Which molecular mechanism do you consider explaining the cytotoxicity of 1,4-D? do you think that TRPV1 activation with opening of a calcium-channel may represent a possible mechanism? what's your view when cytotoxicity in the nasal mucosa is 'explained' mechanistically as 'irritation’? is the statement 'no indication for cytotoxicity' made in USEPA documents at certain occasions misleading?

The molecular mechanism for the cytotoxicity of 1,4-D is unclear.  I'm not seen the data that addresses the role of TRPV1 activation in 1,4 - dioxane toxicity.  I attempted to locate the Mo et al. (2022) reference cited in the Round 1 responses by Expert 6, but was unsuccessful, based on the incomplete information provided.

With respect to "irritation" and "cytotoxicity", both are rather generic terms for which the nature of specific effects needs to be described.

Based on a search of US EPA (2013), rather than 'no indication of cytoxicity', it was concluded that liver and nasal tumours occurred in some studies in the absence of cytotoxicity. Missing, however, is a robust discussion of the significance (or not) of these observations in specific studies relative to the overall weight of evidence for the hypothesized mode of action based on predefined considerations for ranking of confidence (e.g., low, moderate or high, based, e.g., on comparison with other datasets assessed by the Agency). Outliers in individual studies are often a function of experimental variables and may not detract from the overall weight of evidence.   

The cancer-initiating or supporting mutagenic mechanisms in this setting should not likely involve a single gene.  The tumor suppressor mechanisms could potentially involve TRPV1 but alternative candidates, e.g., the p53 axis, besides other pathways, could be significant.      

The hypothesized TRPV1 hypothesis seems a very low probability MoA.  Although the effects reported in the cited Mo etal study are likely reliable, they are likely of very limited if any relevance to informing oral or inhalation systemic DX dosimetry in that the protocol used local injection of 10 ul of up to a 5% (50 mg/ml) DX solution directly into the footpad of mice.   Such systemic doses would likely not be attainable beyond the localized footpad injection site.  
It remains unclear what is the underlying MoA accounting for DX cytotoxicity other than such events importantly are absent when the DX systemic dose is insufficient to saturate either intrinsically expressed of cyp2e1. 
Cytotoxicity may be mediated by unidentified MoAs associated with high-dose specific and dose-disproportionately-high tissue concentrations of parent DX and/or high-dose specific secondary responses associated with metabolic saturation (induction of cyp2e1 and 2e1-associated oxidative stress). 
The overall nasal data (histopath, MoA, dosimetry) do not appear sufficient to rule in or out a cytotoxic MoA.  However, the high-dose specific nature of the response is consistent with a systemically-driven metabolic saturation-induction MoA hypothesis that may be further augmented by direct site of contact irritation (unlikely be relevant to human drinking water exposures or to occupational inhalation exposures in that inhalation nasal tumor exposures are unlikely to be tolerated by humans). 

The suggestion that TRPV1 may play a critical role is just an option which should be explored further.
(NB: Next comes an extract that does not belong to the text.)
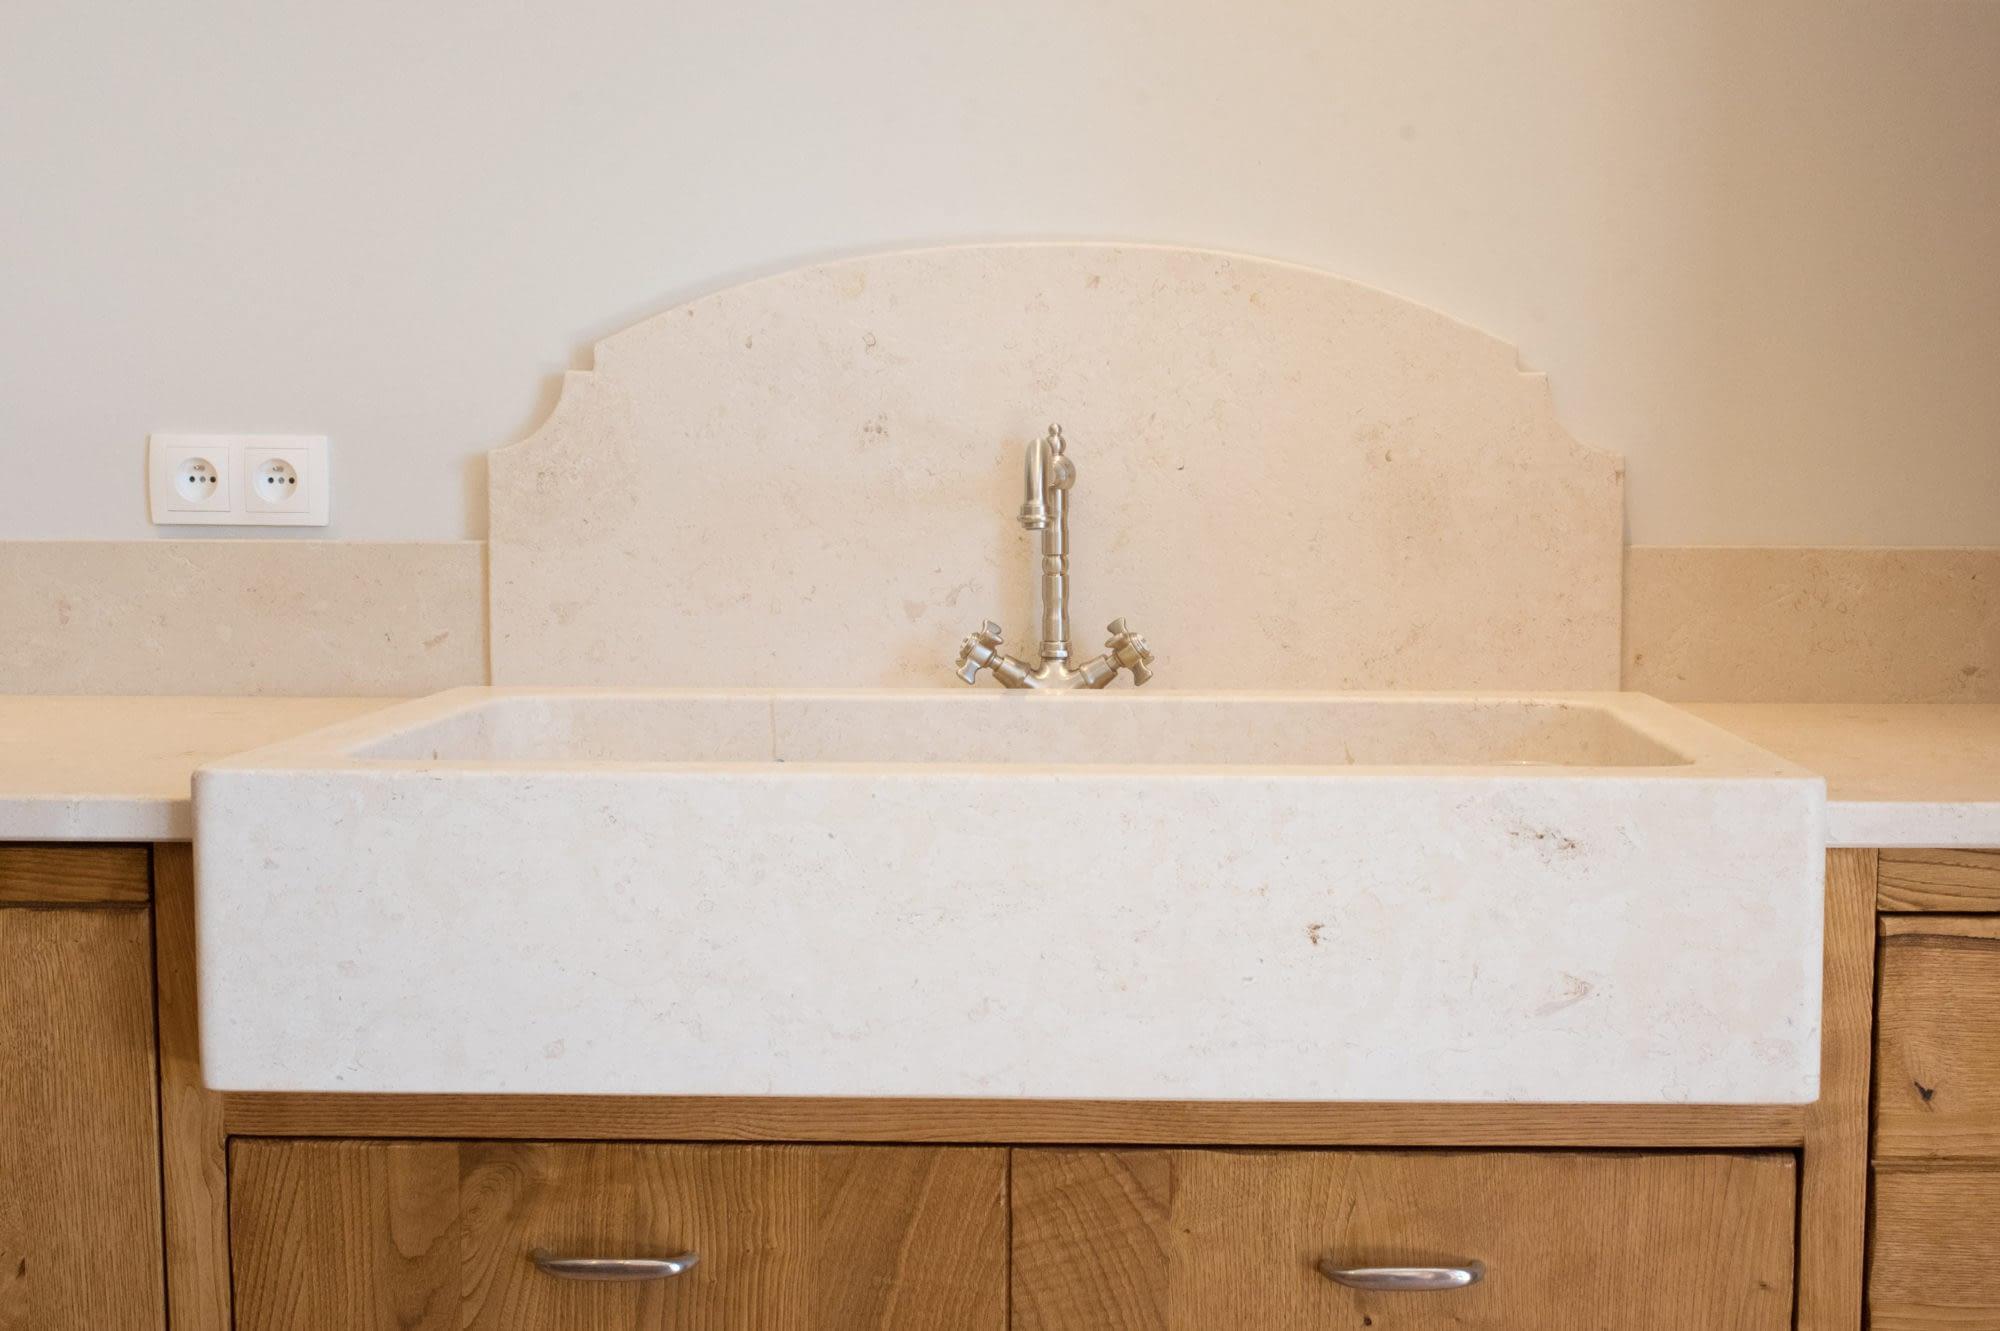 Détail évier dans la cuisine Le grand chêne / Detail sink in the kitchen from the house Le grand chêne

It does not provide a reliable 'explanation' at this point. The 'irritation' in the nasal mucosa, a combination of oxidative stress triggered by the chemical (DX) and a possible inflammatory response, both leading to cytotoxicity and subsequent proliferation appears very plausible. Oxidative DNA damage is an additional factor to be taken into consideration. Further work is needed to explain the irritating/cytotoxic effects of DX on a molecular level, although I do not believe that more insight into this is pivotal for the risk assessment of DX.    

If we consider high dose 1,4-DX and ROS as a mode-of-action I am uncertain on the mechanism of action that causes cytotoxicity - ROS induces pleiotropic effects that lead to cytotoxicity including DNA (genotoxic and epigenetic events), Protein oxidation, mitochondrial disruption and lipid peroxidation. Although TRPV1 activation like capsaicin may occur but this could be difficult to sort out given the many targets of ROS in a cell. Calcium channel disruption may be the final blow to a cell leading to death but how to go about pin pointing that among the background of noise from ROS will be challenging and take some time. The given data with an assumption of threshold will likely provide a RfD with adequate protection of human health.

The role of TRPV1 and other MOA work could be addressed in hepatocytes from humans to go to the species of concern.

The effects on nasal mucosa "irritation" and "no indication of cytotoxicity" are based typically on H&E staining so not surprising, there is only so much you can see in a H&E.